◆ Task to carry out:
Using the listing below, set down exactly the lines from the one that contains "Thermaltake Riing Quad" through the one that contains "Lp Smartside Siding", with no pictures.

Data for this exercise START

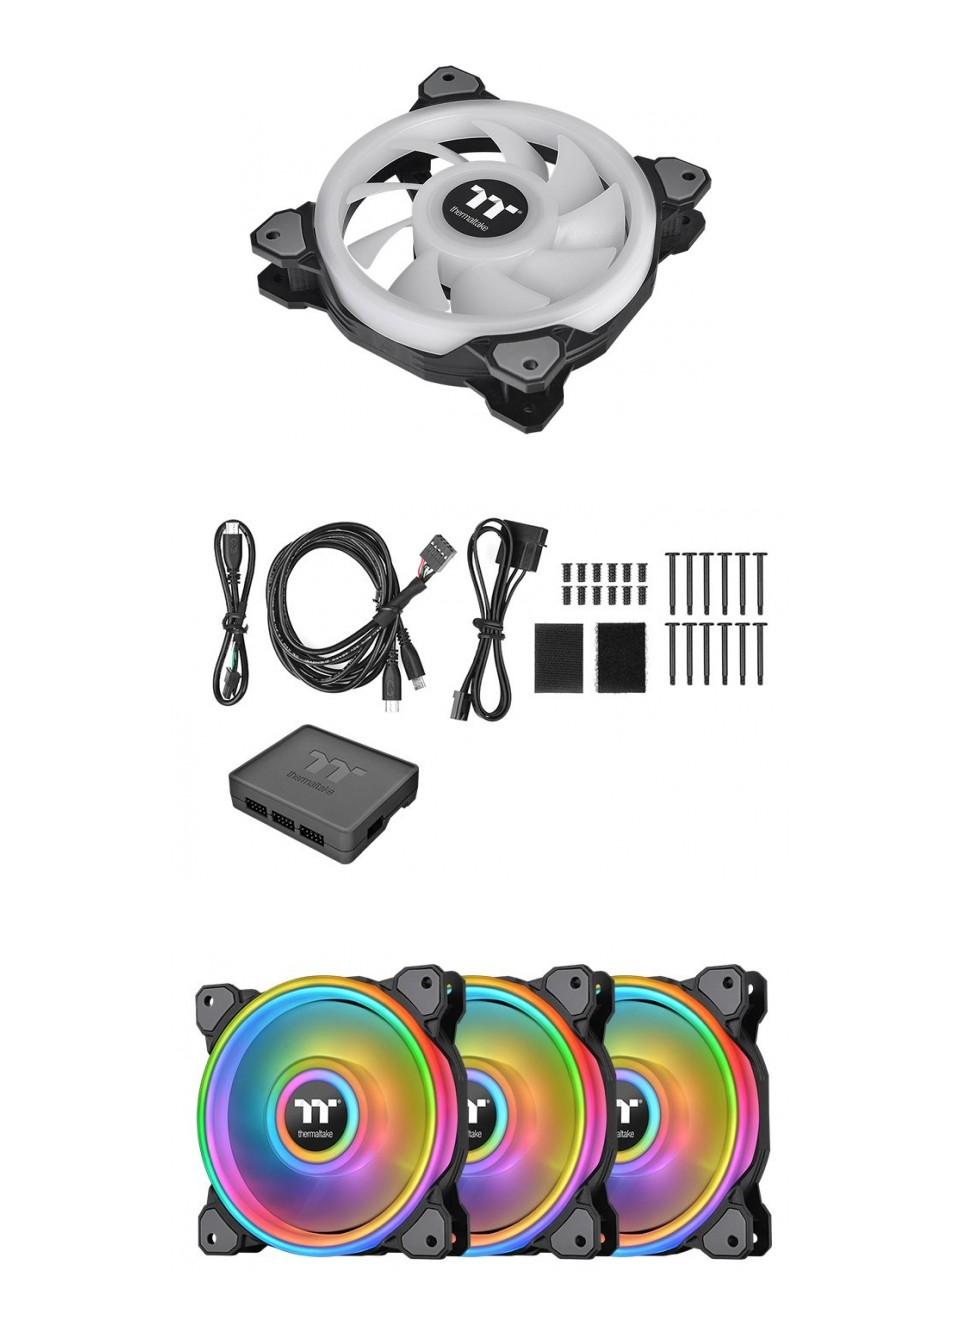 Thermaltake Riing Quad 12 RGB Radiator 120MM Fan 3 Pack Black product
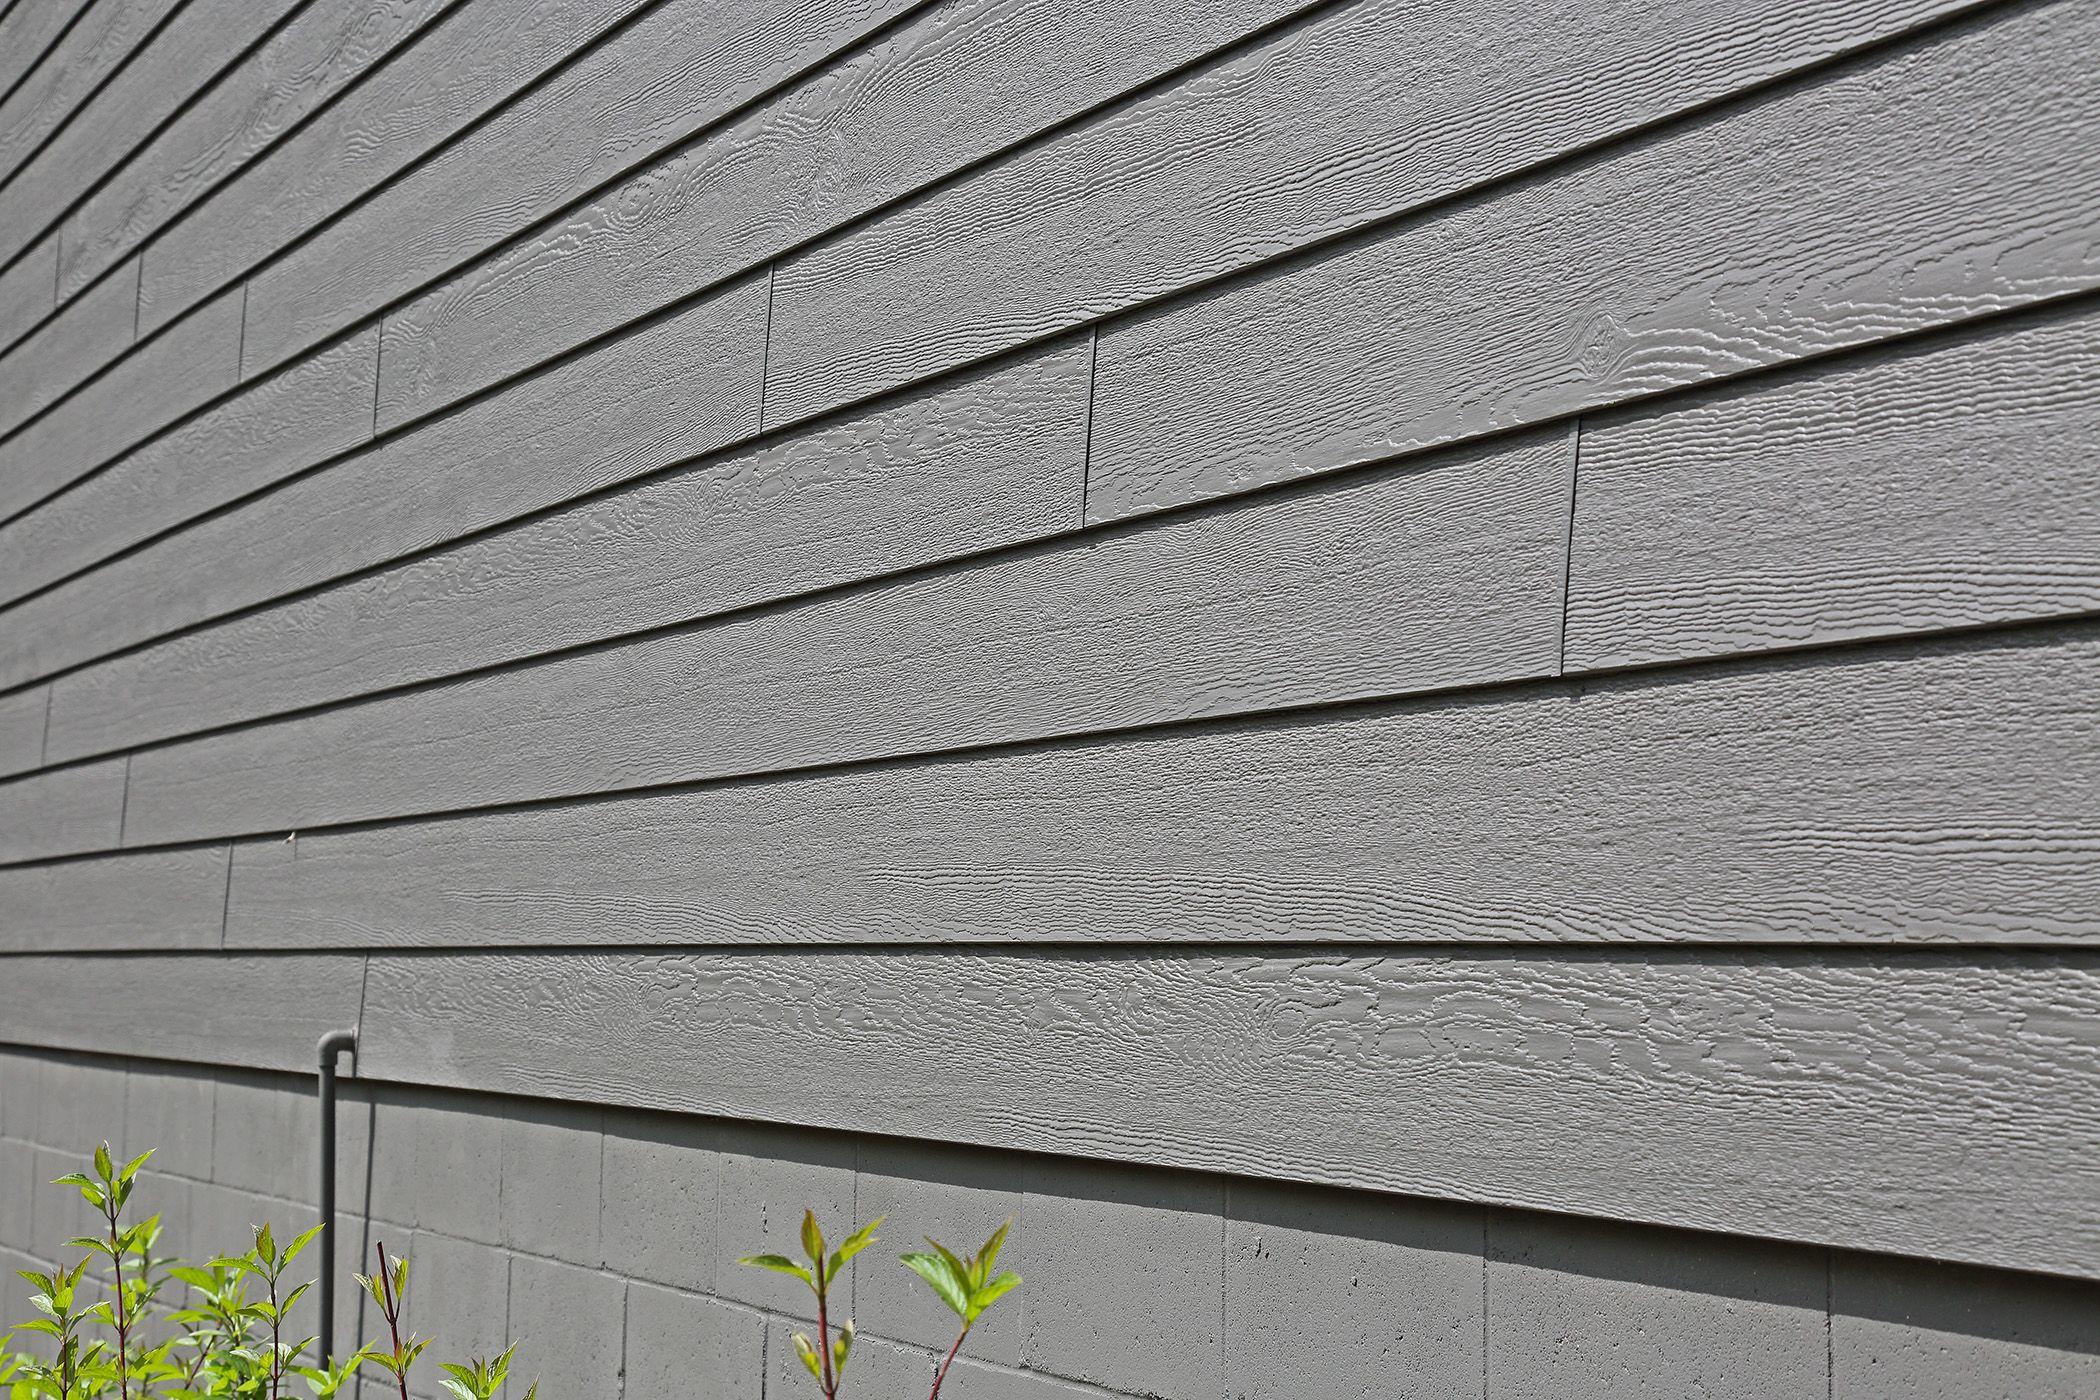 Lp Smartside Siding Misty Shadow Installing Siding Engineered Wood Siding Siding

Data for this exercise END
Data for this exercise START

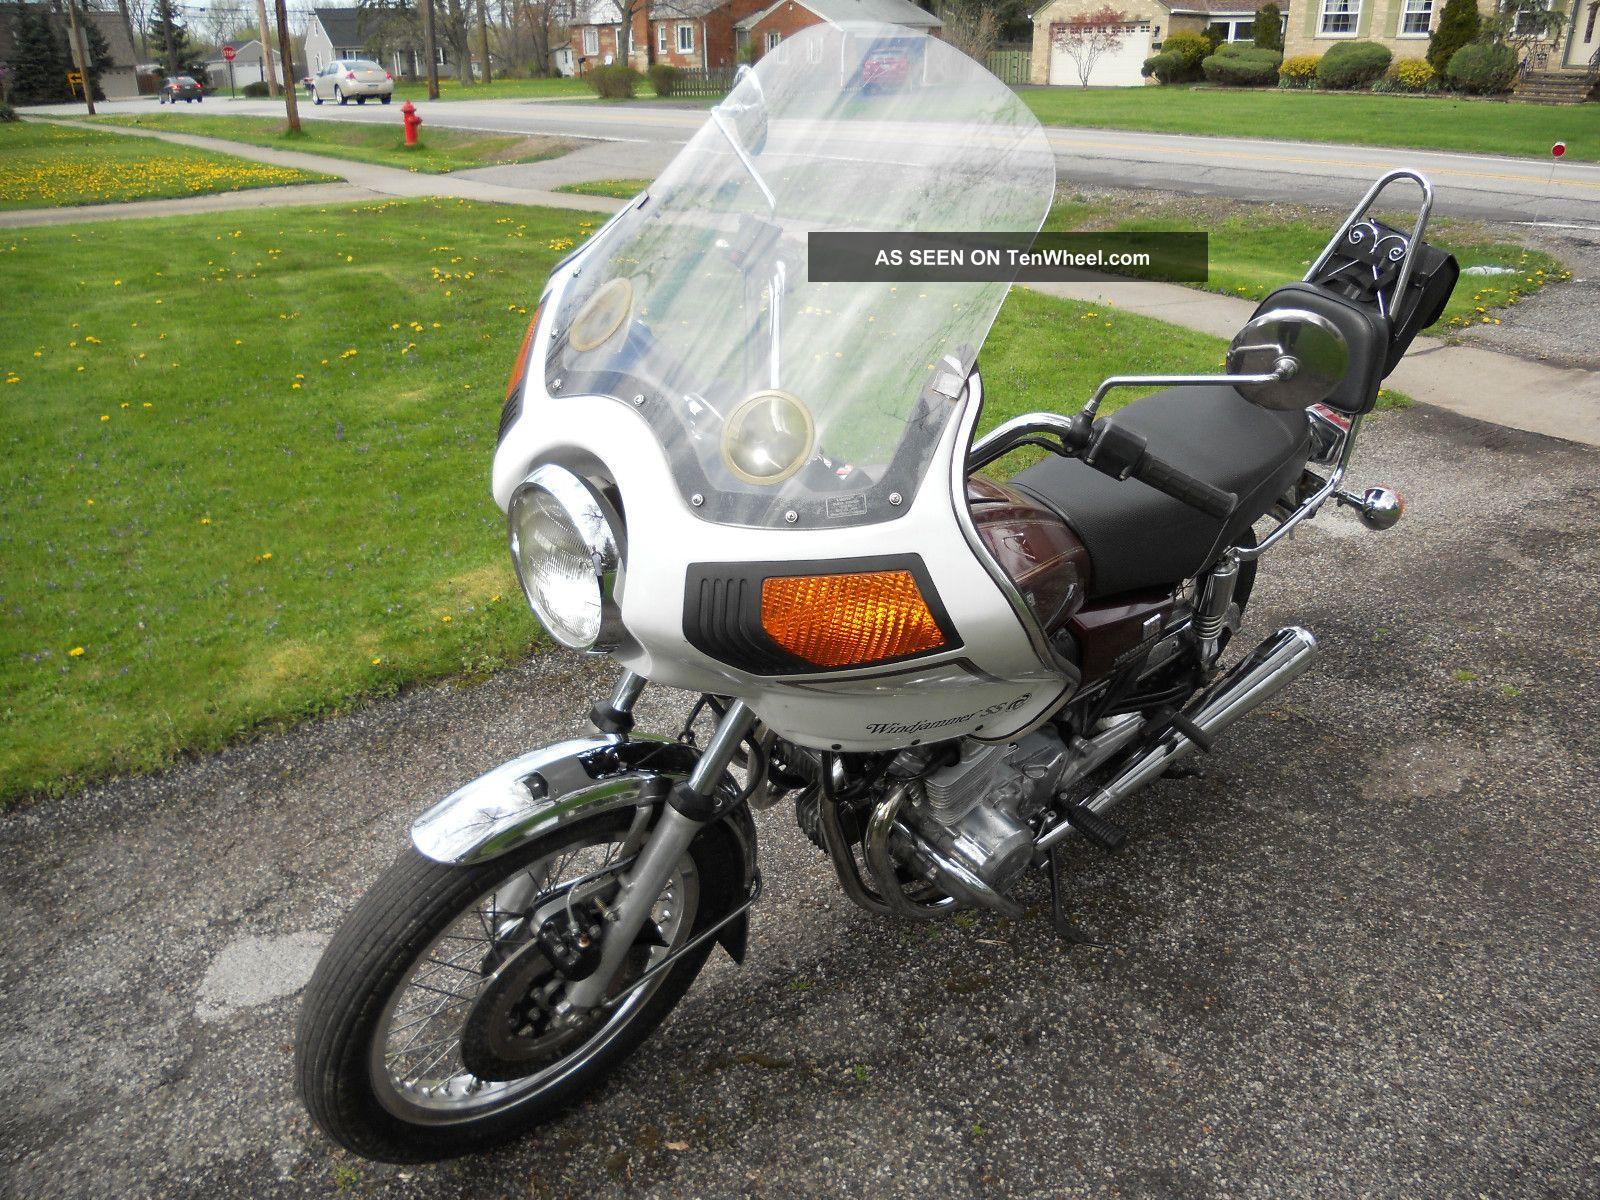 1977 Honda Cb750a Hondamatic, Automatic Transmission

Data for this exercise END

◆ Task output:
 Thermaltake Riing Quad 12 RGB Radiator 120MM Fan 3 Pack Black product
 Lp Smartside Siding Misty Shadow Installing Siding Engineered Wood Siding Siding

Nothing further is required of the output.